Effective use of a trade mark

by Martha Celis

The trade mark system in Mexico faces several problems because there are numerous trade mark registrations in the Registry that were granted to identify a lot of products and/or services within one class. In commercial practice these trade marks are not used to identify each and every product and/or service protected, but only to identify one or some of them. The issue is that often it is not possible to achieve a trade mark registration in a particular class since there is a senior trade mark registration for almost all the products or services of a particular class, although in fact, the senior trade mark registration blocking the junior trade mark application is not used to identify all the products and/or services that it covers and in some cases the trade mark is not even in use with respect to those that could trigger the obstacle for being the ones that the junior application is seeking to protect. The origin of the problem lies in the possibility the Mexican trade mark system provides for achieving protection without actually using the trade mark for all the products/services of one class. Furthermore, the use of the trade mark in one of the products/services covered is enough to maintain the registration when challenged on non-use basis or for renewal purposes, since partial cancellations of a registration in the sense of narrowing the scope of protection of a registration are not provided. Therefore, during the prosecution of a trade mark application, the examiner will only take into account that the senior trade mark registration was granted to identify several products or services which overlap with the ones intended to be protected. He/she will not consider any fact that the applicant could provide at this stage in regard to the actual use of the senior registration.

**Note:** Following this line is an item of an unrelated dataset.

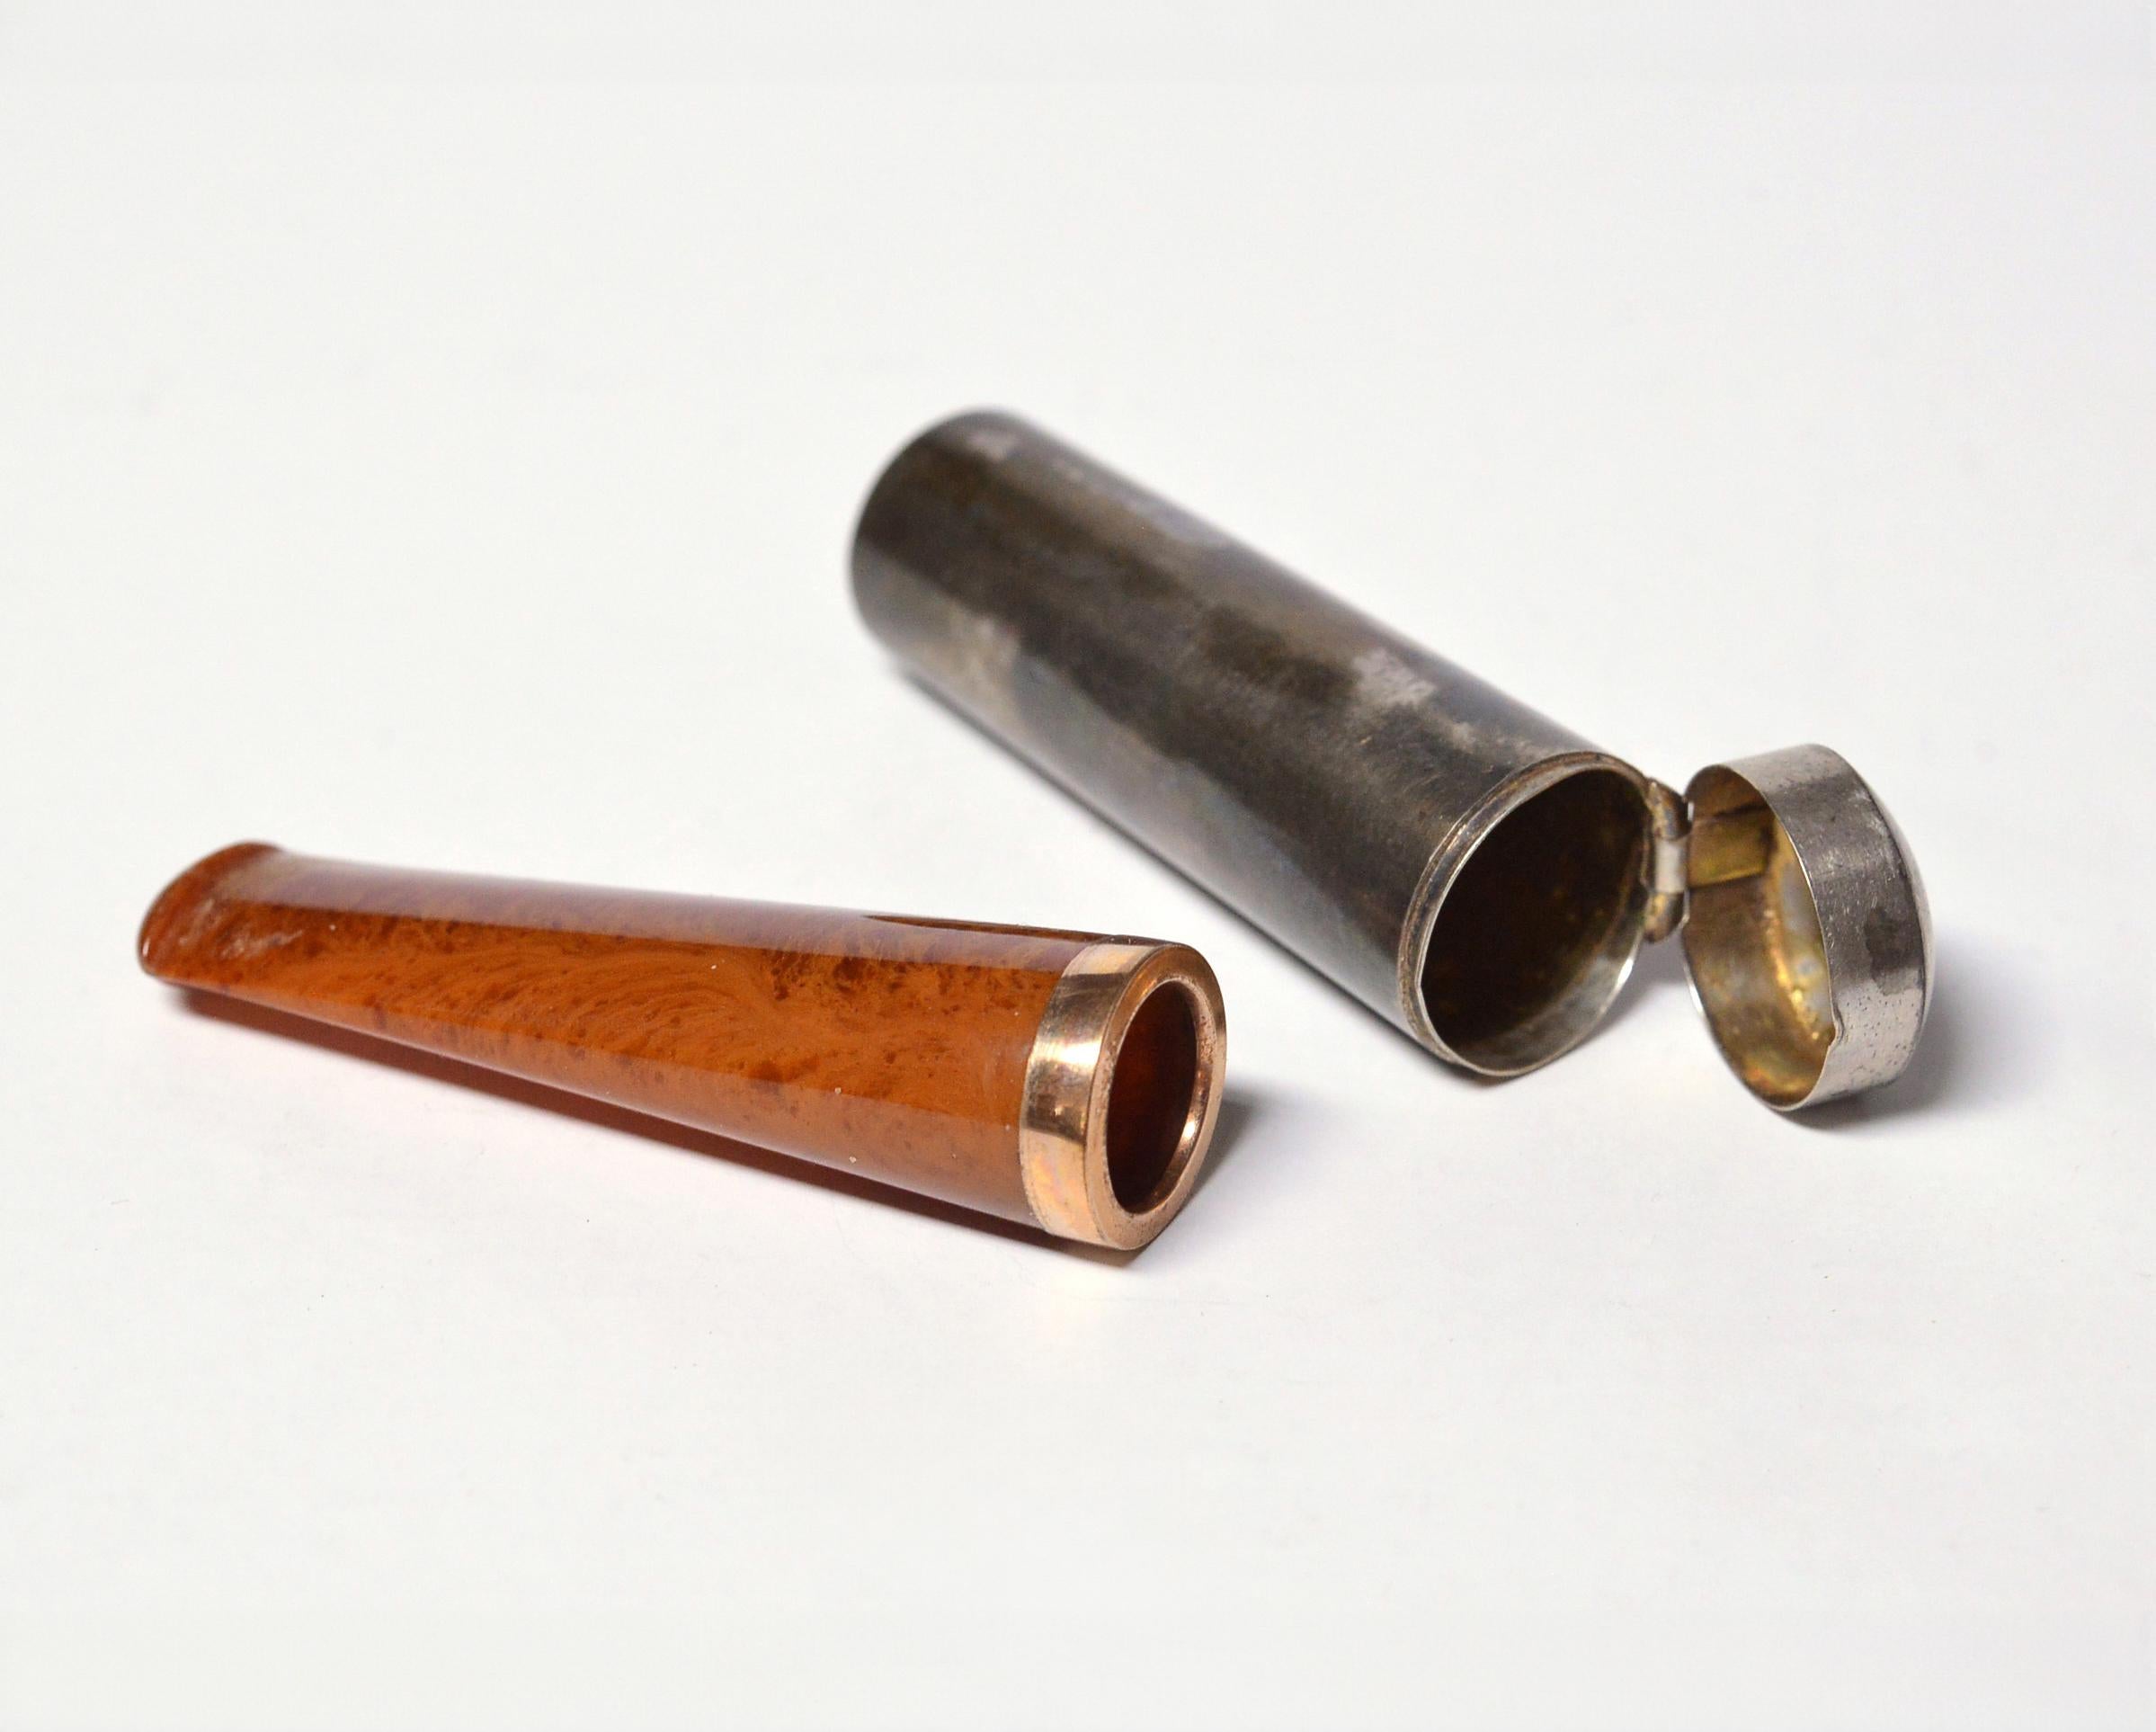 Caliber 11 mm (or 0,43 inches) Mouthpiece. By German or Baltic maker, unmarked besides Swedish purity hallmarks. The early 20th century was a period of great change and innovation, yet it also celebrated the traditional values of craftsmanship and

There is also no sense in seeking the cancellation of that registration on the basis of nonuse in litigation since the use of the trade mark for a single product will be enough to keep the registration with the scope originally allowed. In other words, the effective use of a trade mark is not taken into consideration when analysing the likelihood of confusion, but only the way in which it was registered. Actually, even when the parties involved reach a coexistence agreement showing that the coexistence of their trade marks in the market will not lead consumers into confusion due to the fact that they will not share the same commercialisation or distribution channels, the authority is still reluctant to grant a junior trade mark registration upon a letter or consent or coexistence agreement on the basis that the senior trade mark registration is covering coincident products or services. Only consent letters including mutual restriction of the goods/services that are to be covered by parties are allowed and even then not in all the cases. It is clear that the solution to the problem at the most basic level is to require use to be shown to get a registration. But this solution is not feasible, not only because it is impossible for the Trade Mark Office to corroborate actual use for any trade mark application, but because this would imply another problem: what to do with the registrations already granted? The most feasible solution is therefore to amend the Mexican Law to implement a partial trade mark non-use cancellation proceedings, given that in the real market there are many registered trade marks that are used to identify only a particular product or service and therefore they should not pose an obstacle to achieving a registration. The main goal of limiting the scope of protection of a trade mark registration to meet its actual use in the market is to create a functional and dynamic system that allows the opportunity for new trade marks to be protected.